В «Мастере и Маргарите» играет Мартин Вуттке, лучший актер Германии. Он известен нам по ролям мерзавца Артуро Уи и безумца Антонена Арто, он актер исключительной тонкости и исключительной мощи (сочетание очень редкое), и коль уж роман делится на два пласта, Вуттке не может не играть две главные роли, Пилата и Мастера. Это аксиома, и все дальнейшие режиссерские построения базируются на ней, как геометрия Лобачевского -- на аксиоме пересекающихся параллелей.

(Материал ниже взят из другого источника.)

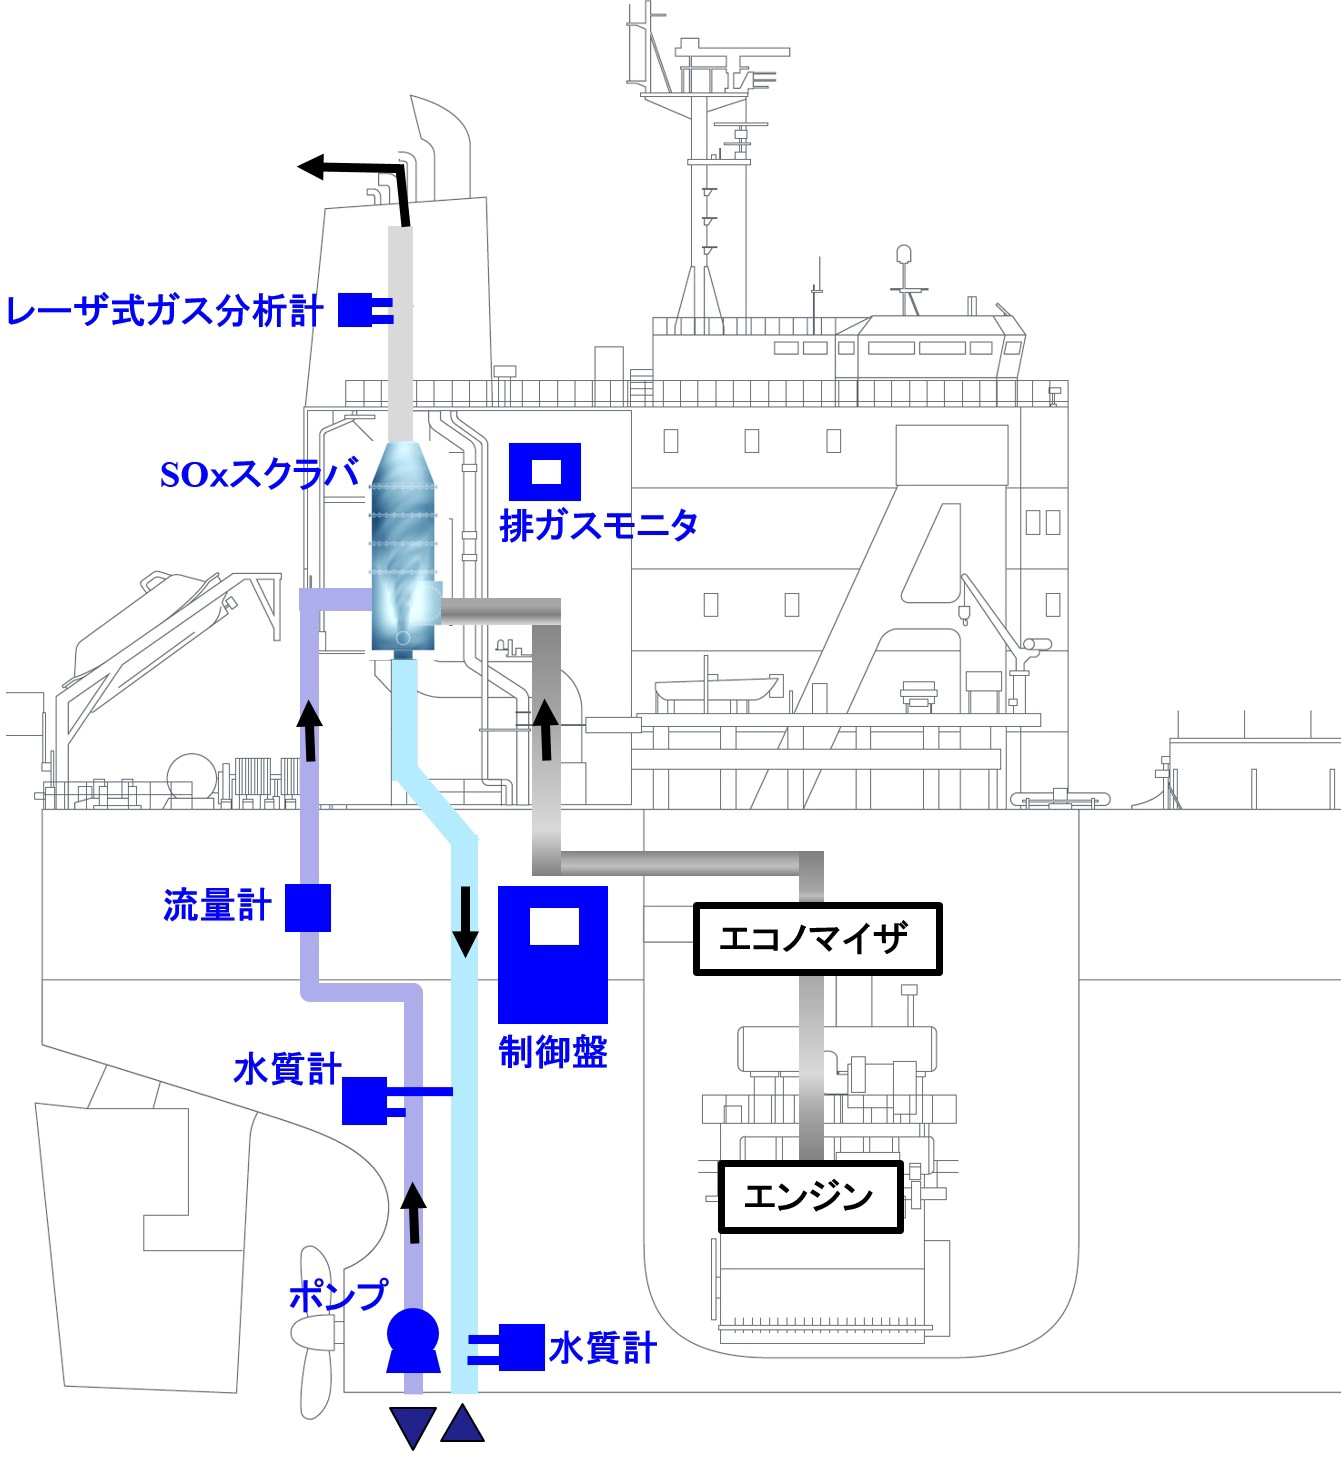 富士電機の排ガス浄化システム

В обозримом пространстве Пилат появляется лишь на несколько секунд: в бар вбегает дивный дог, человек его кличет: «Банга, Банга!», и они исчезают. Аmerican bar заслоняет от зрителей Ершалаим: все, происходящее там, мы видим лишь на экране, где раньше маячили SEX и KINO. Это не запись: актеры играют вживую, камеры транслируют, на экране получается что-то в духе home video. Ход использован с максимальной выгодой: крупные планы у Вуттке такие, что закачаешься. Мастер, реально существующий на сцене, куда менее выразителен, чем Пилат, -- не только потому, что актер слишком обстоятельно играет болезнь (герой Булгакова, конечно, сделан клиническим психопатом), но и потому, что куда же магии живого присутствия тягаться с чудесами технологии. Живые актеры в спектакле Касторфа вообще притягивают взгляд меньше, чем мигающие лампочки и вращающиеся вентиляторы, и упрекнуть их не в чем. Режиссер, бесчувственный к радостям традиционного театра, сознательно доводит артистов до состояния неодушевленности.
Главная, если не единственная тема спектакля -- безысходная маета, у Пилата отягощенная гемикранией, у Мастера -- паранойей. Тягота, депрессия, нестерпимая длиннота жизни, ожидание грозы, которая что сможет -- очистит, а прочее разрушит. Франк Касторф (р. 1951) числится театральным лидером «новых рассерженных», но он не столько сердится, сколько изнывает от всего окружающего. В ГДР он мучался авторитаризмом, в современной Германии -- буржуазностью. На необитаемом острове он бы мучался отсутствием зрительской паствы. Вычесть из «Мастера и Маргариты» четыре часа, показать бы кому разговоры Пилата с Иешуа и с Афранием плюс что-нибудь со сцены (все равно что, лишь бы декорации было видно) -- любой скажет, что это потрясающий театр. Но Касторф тянет время, он хочет, чтобы замученная публика исстоналась: ой, ну сколько же можно!..
«Так я и говорю, что нельзя!» -- откликнется режиссер с энтузиазмом пожизненного оппозиционера. «Я рад, что вы со мной согласны!» Согласны, согласны -- только в следующий раз давай покороче.